When the 18-year-old accused of a triple homicide Aug. 27 appeared in court for the first time, it was without the signature head bandage and prison-orange jumpsuit from the mugshot that began circulating shortly after his arrest.

Instead, he wore regular street clothes, the most noticeable of which was a green, canvas jacket. He stood stiff and attentive in Pittsylvania County Juvenile and Domestic Relations Court throughout the hearing. 

Moments before the hearing began — as the courtroom filled with reporters, court workers and others — Bernard nodded knowingly to a person in the back. 

Soon, Judge Brian Turpin asked whether any witnesses were present. The handful of spectators and court personnel there looked around expectantly. After no one answered, proceedings continued. 
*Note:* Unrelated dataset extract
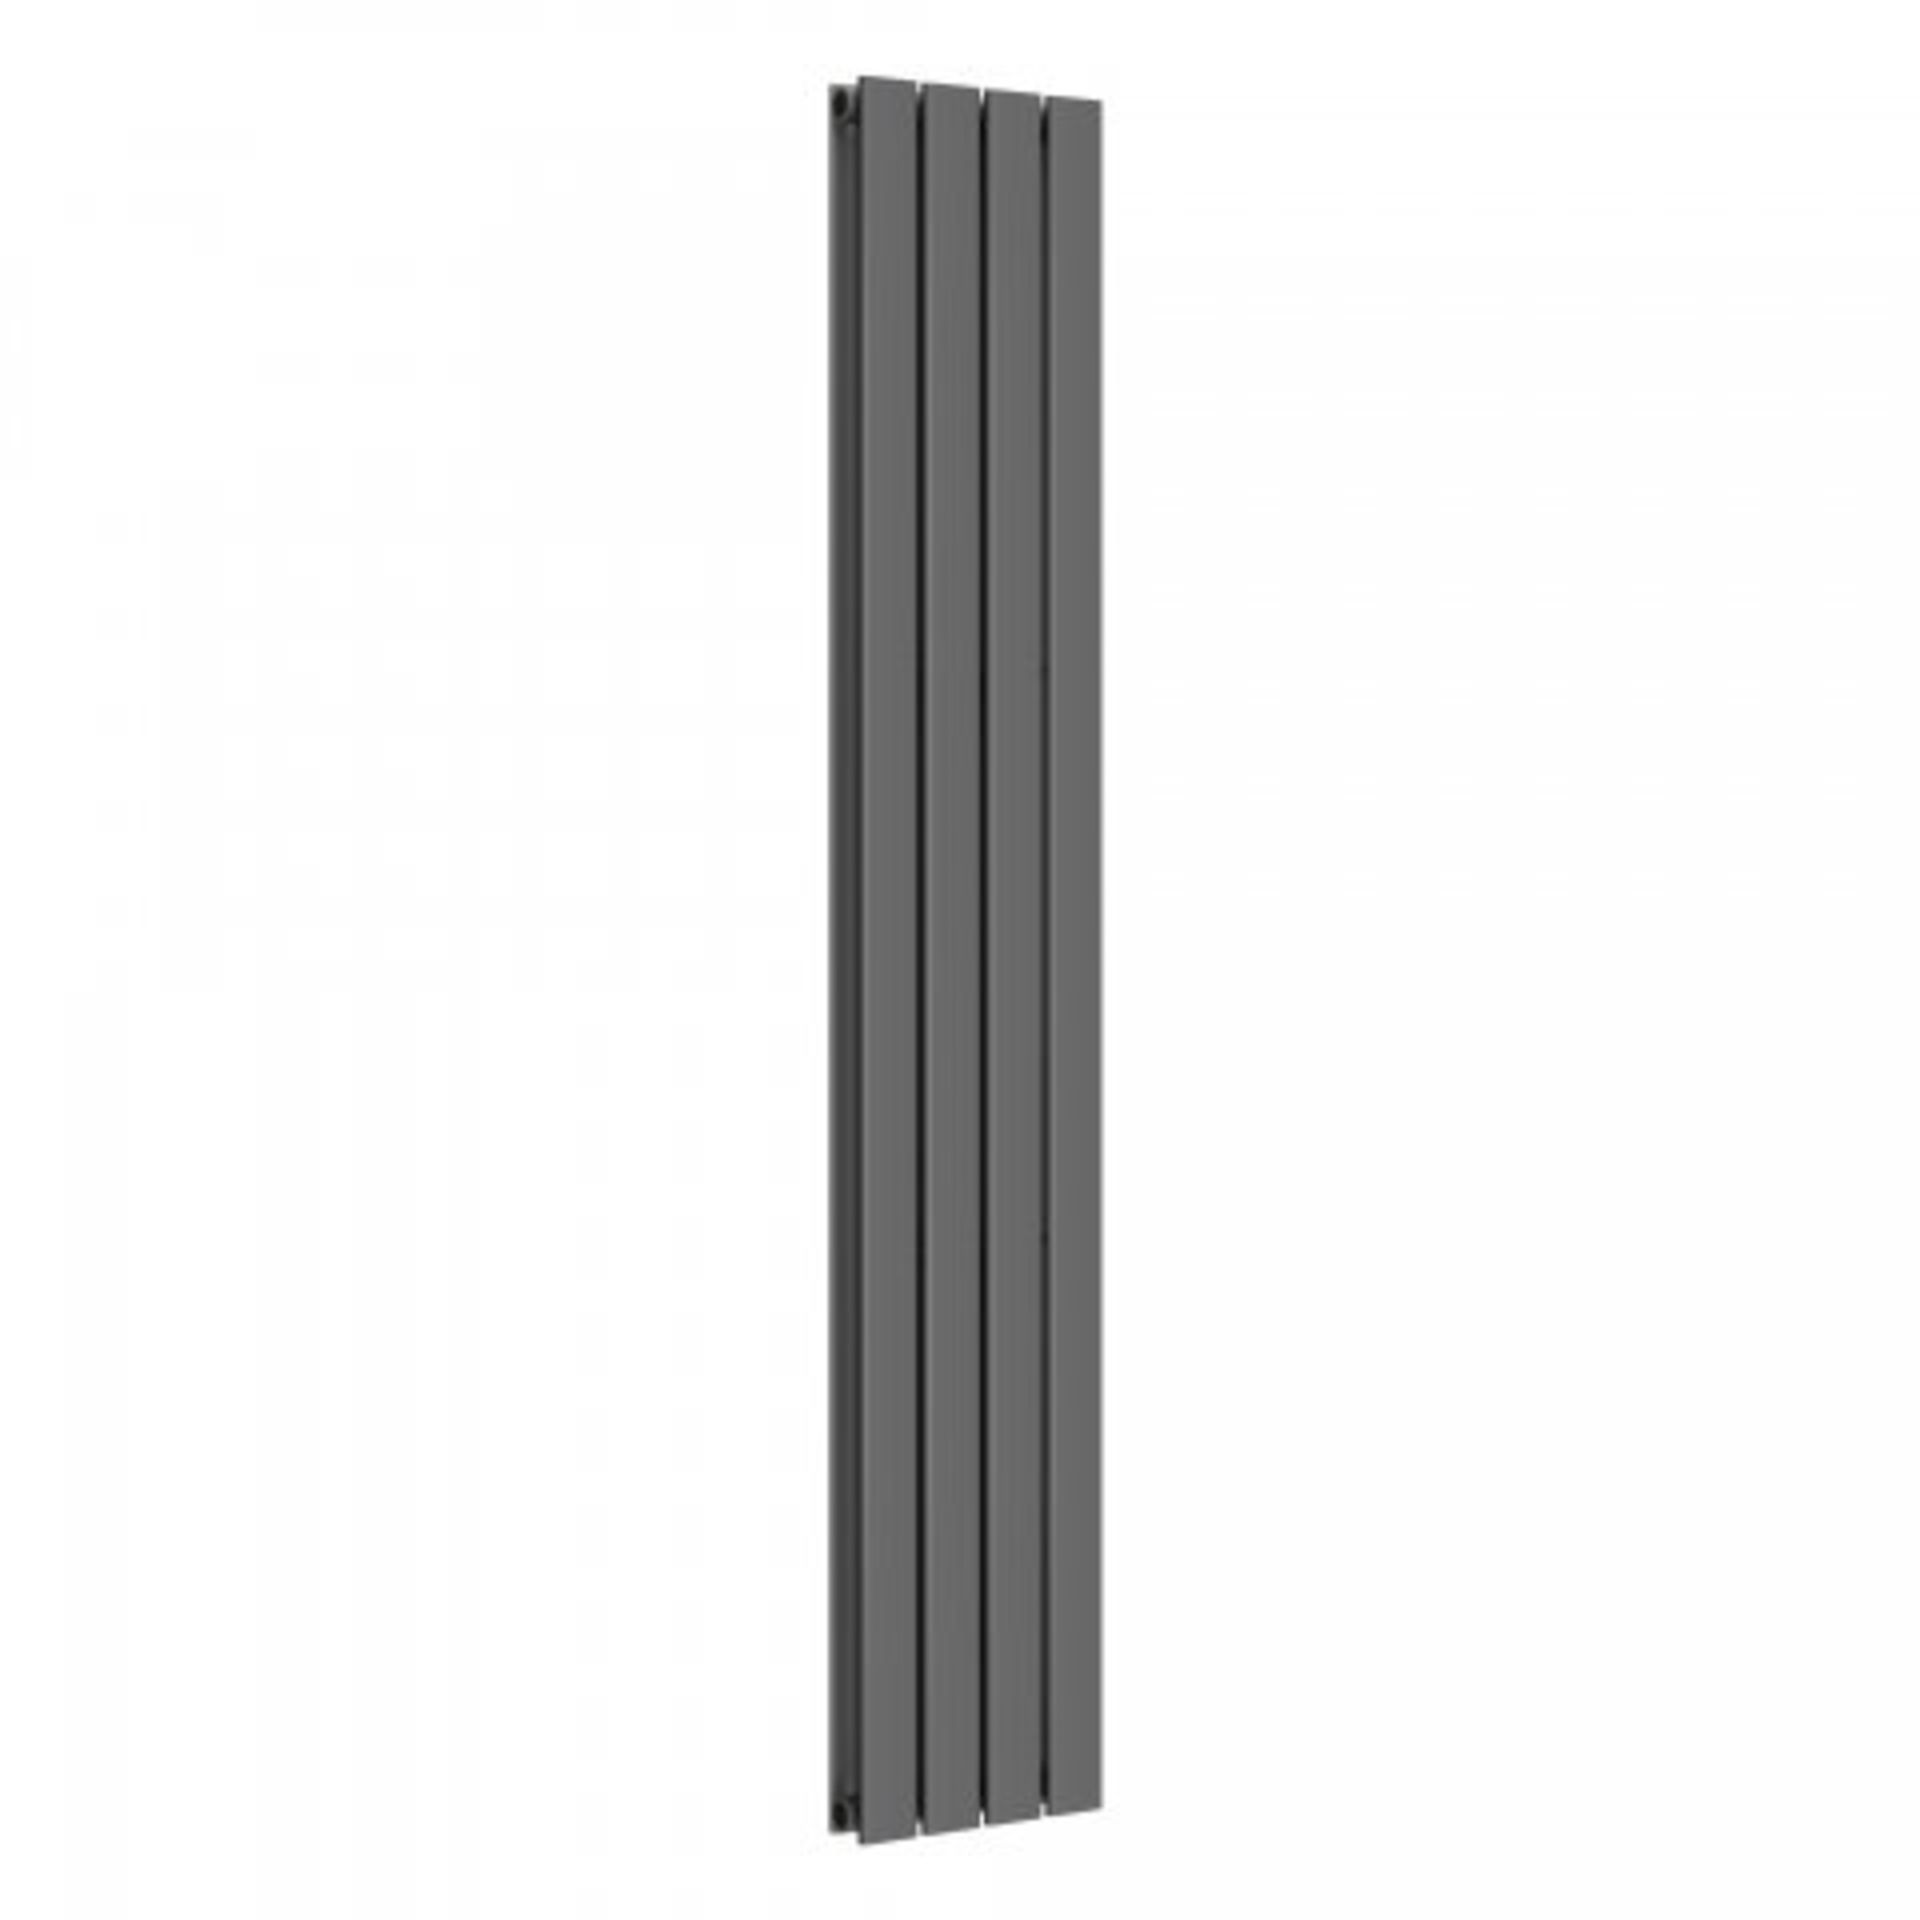 (REF4) 1800x300mm Anthracite Double Flat Panel Vertical Radiator - Thera Range. RRP £399.99. Our - Image 2 of 3

Turpin read the charges: three counts of first-degree murder and three counts of use of a firearm in the commission of a homicide. Bernard is accused of killing his mother, Joan Bernard, 62; his sister, Emily Bernard Bivens, 25; and her 14-month-old son, Cullen Micah Bivens, at the Bernard family's home in Keeling.

Emily Bernard Bivens is the wife of minor-league baseball player Blake Bivens and Cullen Micah Bivens is his son.

"Do you understand these charges?," Turpin said, turning to look at Bernard.

"Yes sir," the teenager replied, in a low, soft, tone of voice. Turpin continued with his questions, asking if Bernard would collaborate with his appointed counsel, James Martin. "Yes sir," he answered again. 

Once the questioning ended, Turpin scheduled the preliminary hearing for 9 a.m Nov. 6.

Initially, Turpin suggested an earlier date, but changed it due to a scheduling conflict raised by county Pittsylvania County Commonwealth's Attorney Brian Haskins.

"I have another trial on that day," said Haskins. "I want to give this case my full attention."

Martin stood up, light reflecting off his glasses. "We have filed a motion for a competence and sanity evaluation," he said, reading the words off a piece of paper on the table in front of him.

The evaluation is to be completed by Oct. 31, according to the order signed by Turpin.

Moments later, Bernard was handed a notice of his next hearing date to sign. A bailiff held out a blue fountain pen, making sure the tip was pointed away from him as Bernard took it. The teen leaned in close to the document on the table, his eyes just above the top of the pen and inching closer to it as he scrawled his name. That's when the group of bailiffs circling him stepped closer, appearing to relax only when Bernard handed back the pen.

With the arraignment over, Bernard stood up to be ushered out of court. He looked again to the back of the courtroom, made one last nod of acknowledgement to someone, and left.